The staff were very welcoming and were happy to share and let me observe their activities. The amount of English spoken was very limited, but, every day I would find either a Doctor or visitor who could help.

I completed my review and was so overwhelmed with the lack of resources, particularly staffing levels, that I have agreed to come back next February 2013, something I’m very much looking forward to.
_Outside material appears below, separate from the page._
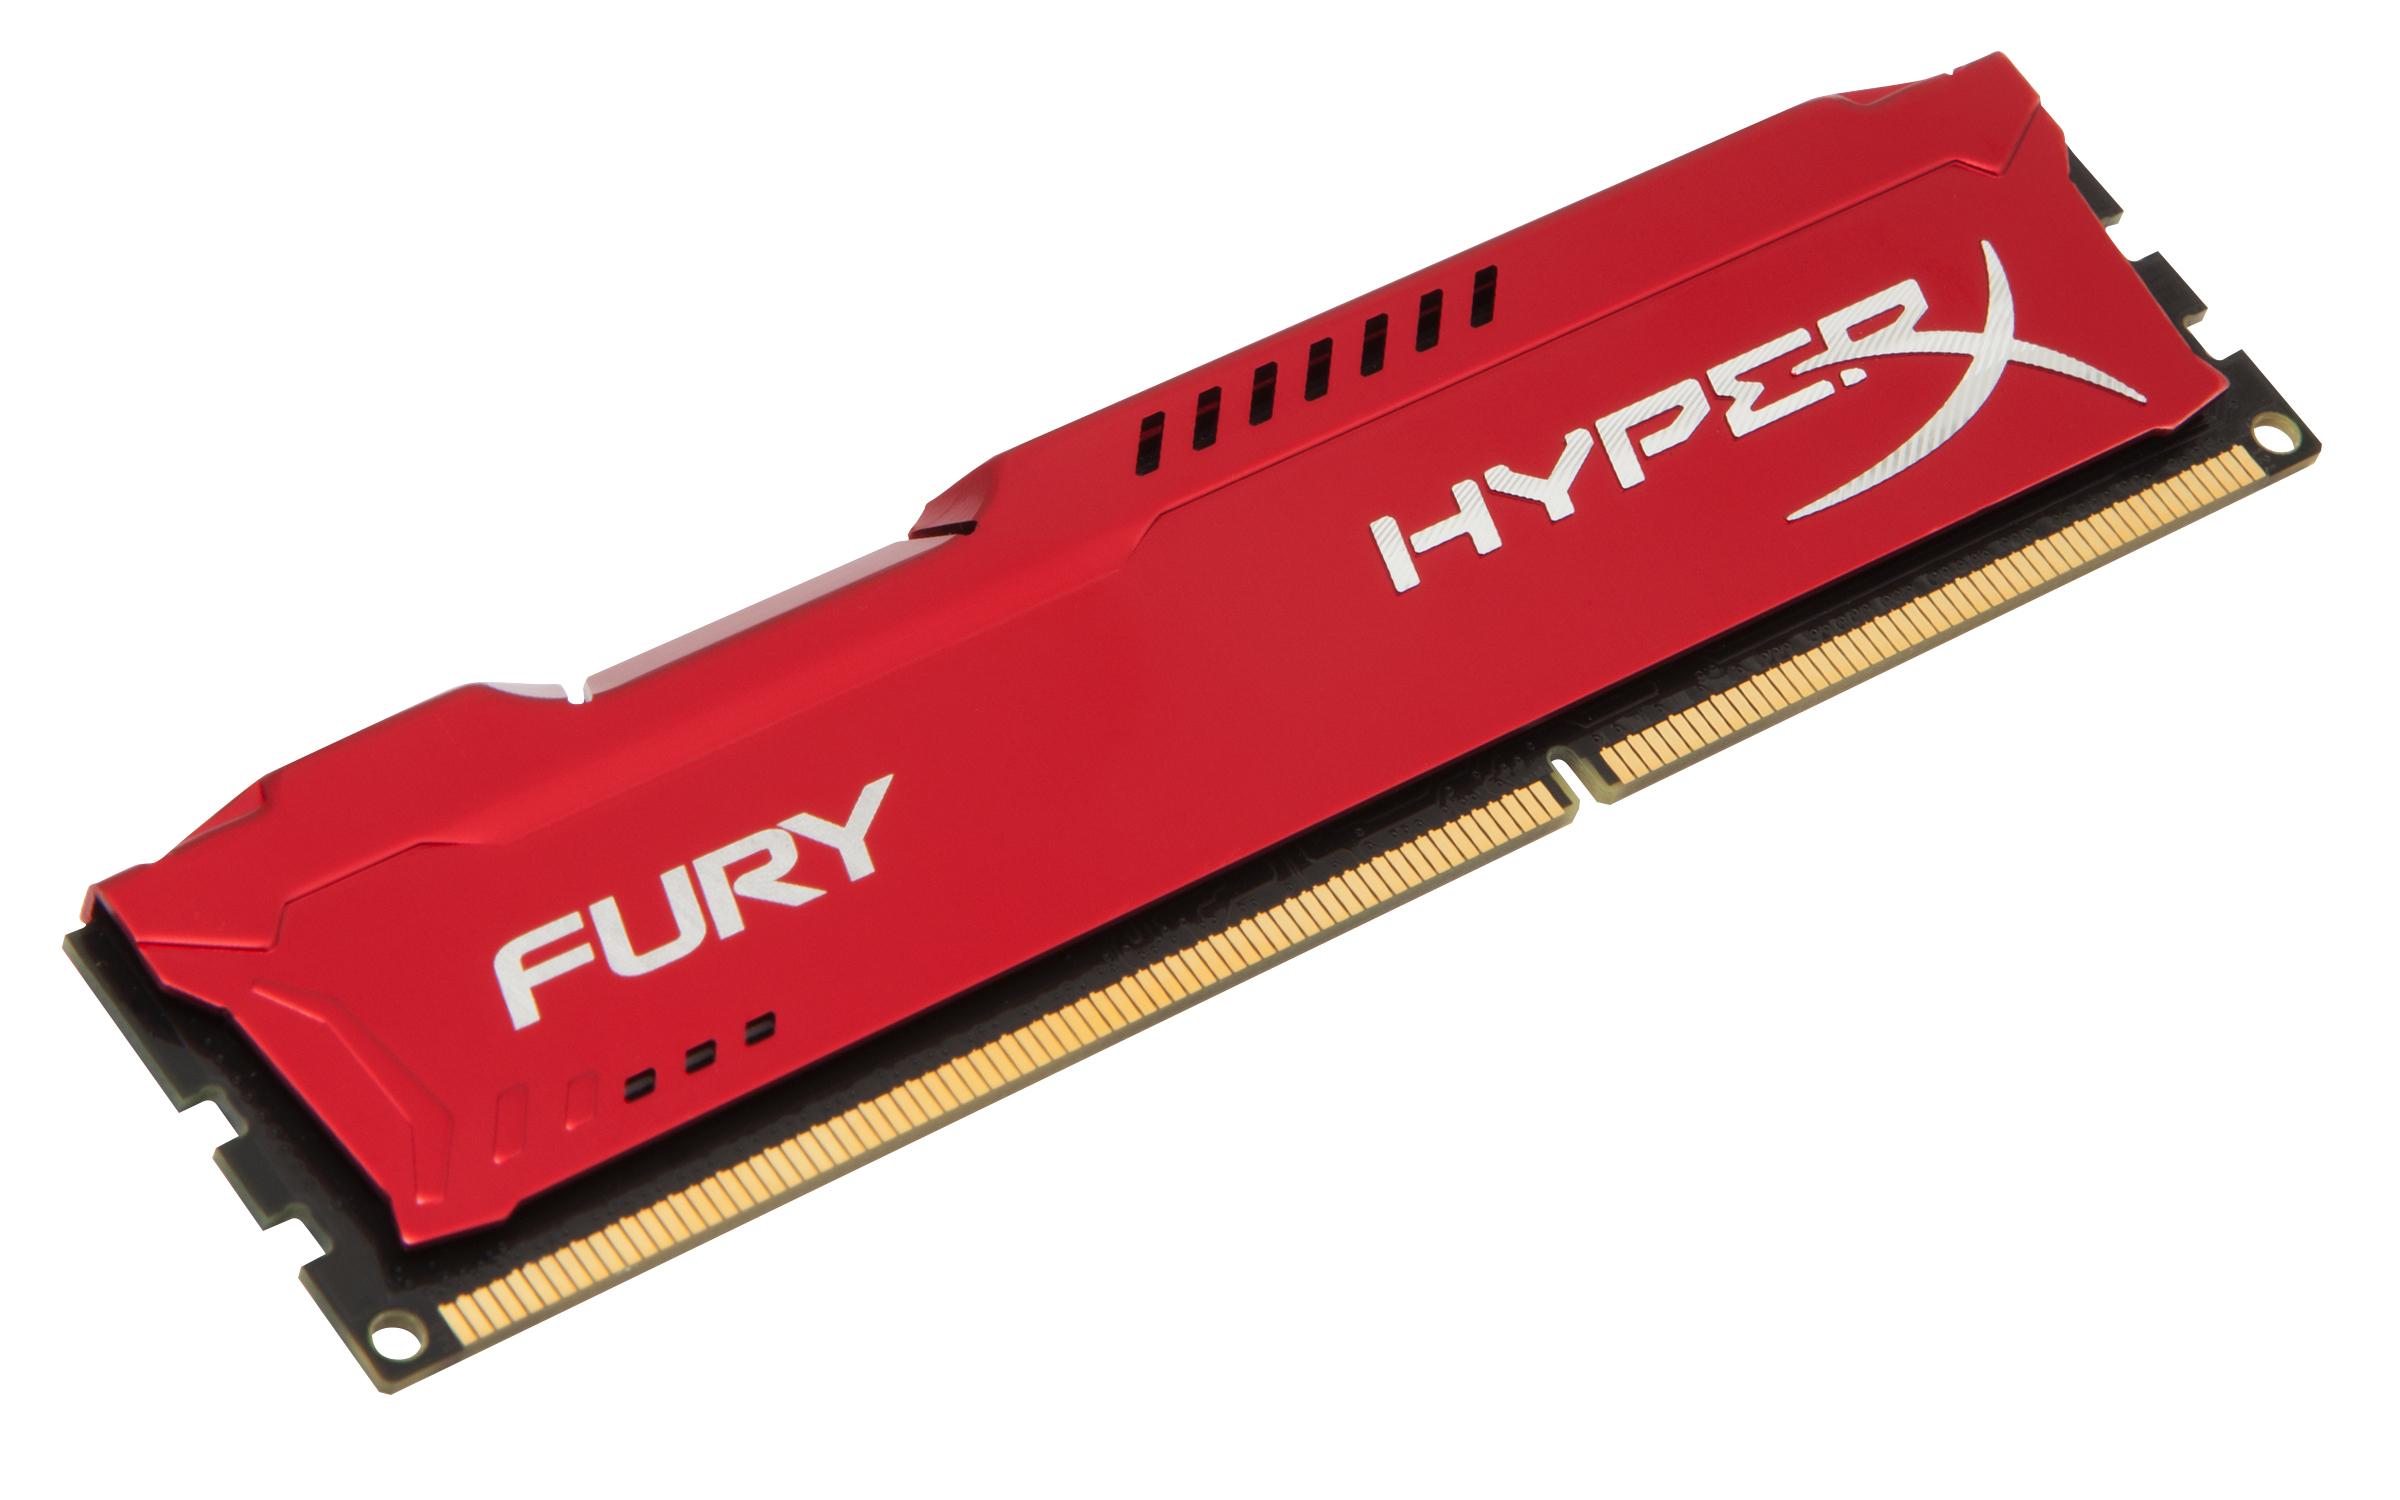 HyperX FURY Red 4GB 1333MHz DDR3 4GB DDR3 1333MHz memory module
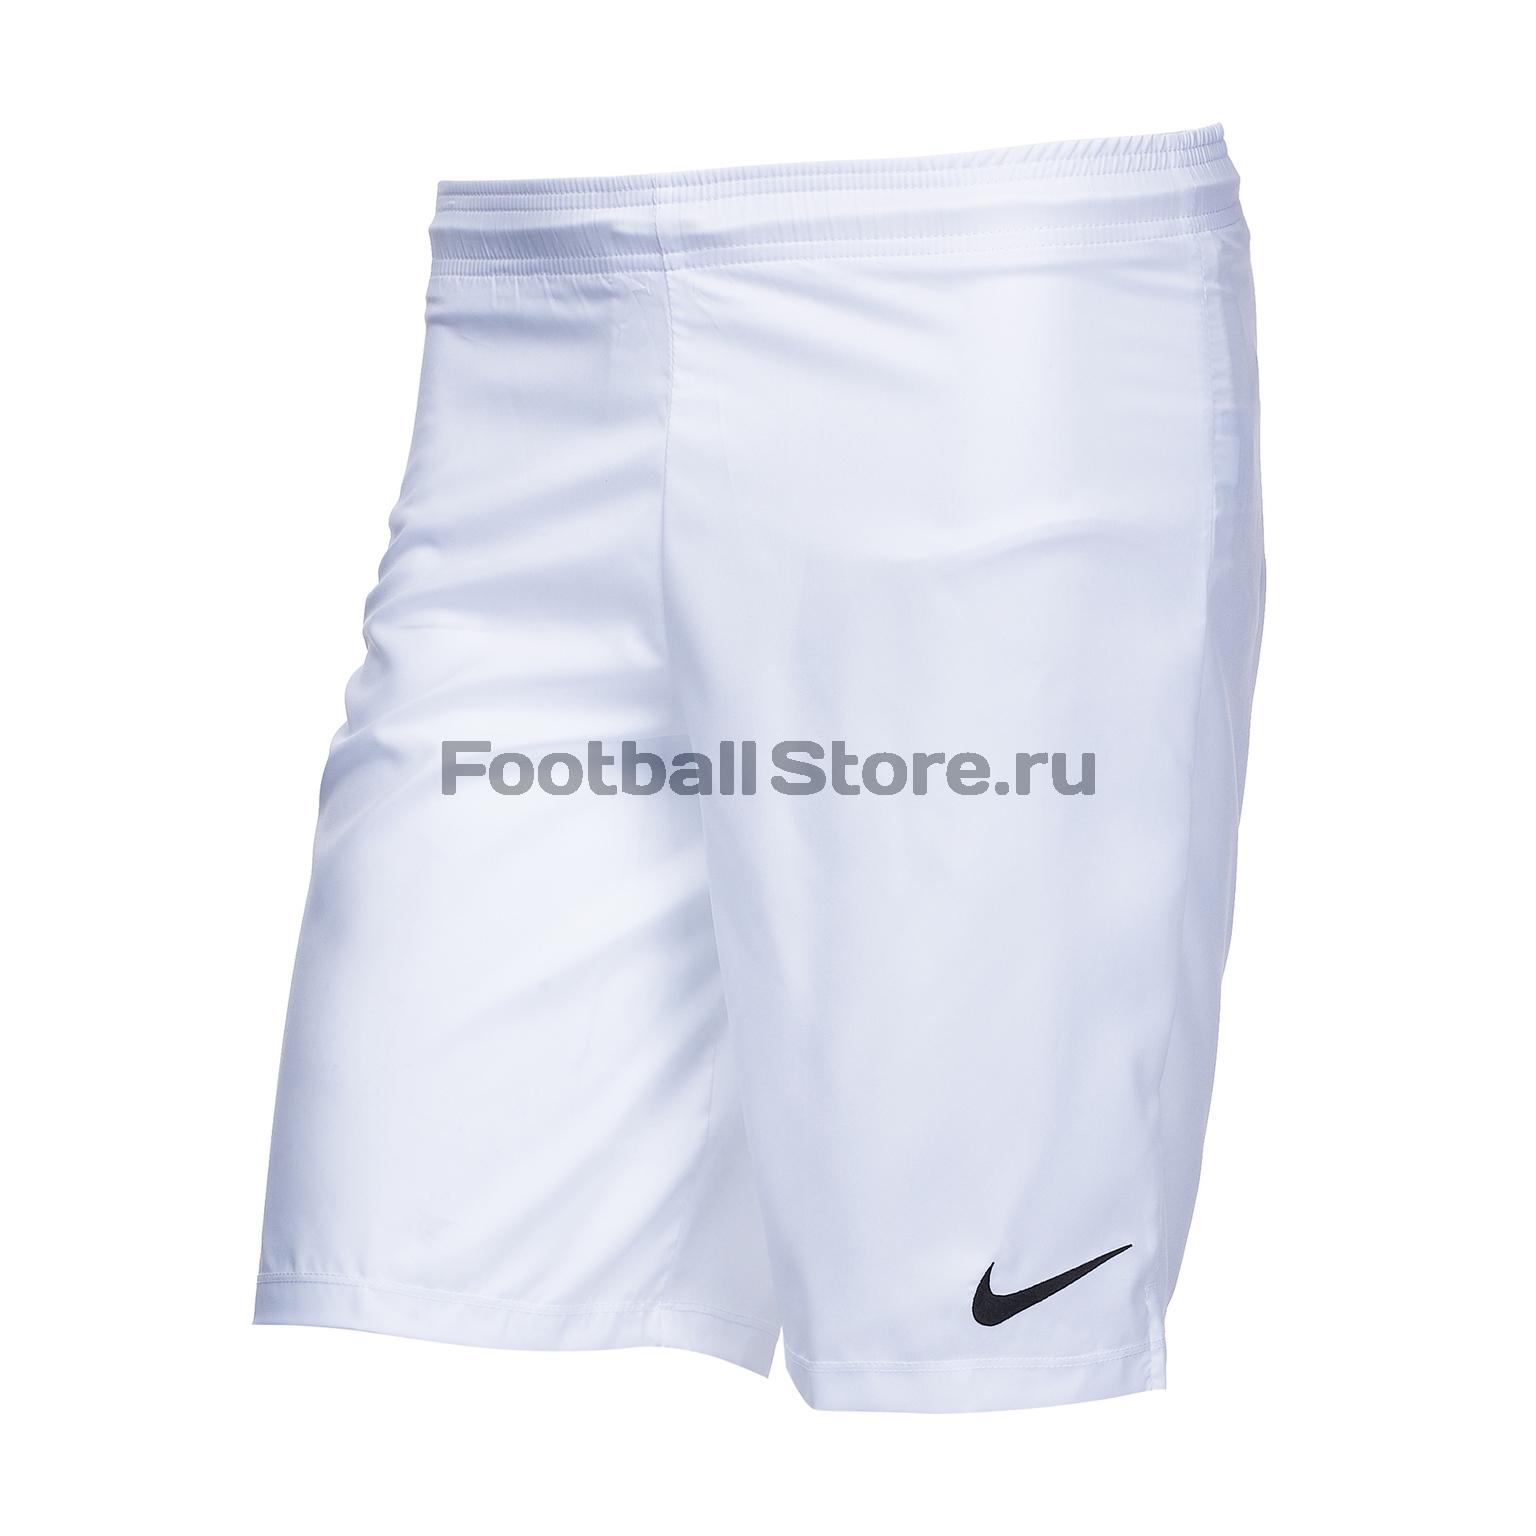 Шорты Nike Шорты Nike Laser Woven III Short NB 725901-100 nike шорты nike laser woven iii short nb 725901 410

If anyone is considering visiting Mongolia via Projects Abroad I would be happy to make contact with you either via email or Skype.

Things to bring if you’re undertaking the Medical project

If you visit Mongolia and are undertaking the Medical project, the following list of gifts would be very much welcomed:

  • Gloves
  • Dressing materials
  • Eye protection
  • Any single use instruments
  • Tape
  • Masks
  • Stethoscope’s
  • Training information
  • Professional magazine’s and clinical books

Visit to Gerel orpahange

Debbie Lee - Quality & Research Director

I was very lucky to be able to link with the Gerel Ophanage during my visit as a friend who was fellow Projects Abroad delegate was assigned to work there. This was an amazing place consisting of a home for 22 children plus that also managed an out reach service offering a range of clinical services. The place was immaculate; the children were all very happy and stable. It was simply a beautiful place. No Orphanage can replace a loving home, but this came very close. I spent just two days there and got involved with caring for the babies. It doesn’t take long to get attached and it was a very special opportunity. Grabbing every experience you can while in Mongolia is highly reccommended. The place is so unique, and you leave with far more than you have given.

Customs and Culture

Debbie Lee - Quality & Research Director

With the support of Projects Abroad I was able to really get an insight to the Mongolian culture. Living with a Mongolian family really gave me a true feel to everyday life. The people are so friendly and curious to learn about the countries we have come from, and sharing food and lifestyle was so much fun. My ability to communicate soon picked up after a few days: just learning a few Mongolian words goes a long way. Although I was only there for two weeks, during my vacation I was able to attend evening cultural events and go into the country and visit a nomadic family and have the pleasure of eating with them in their Ger. During my visit I experienced International Children’s Day. The day is devoted to mothers and children. The streets are awash of colour as people dress up in traditional costume. From museums and art galleries to Buddhist temples and traditional building, the city has so much to go and see and you won’t get bored. . Mongolia has been an adventure of a lifetime The memories will stay with me for the rest of my life. Thank You Projects Abroad!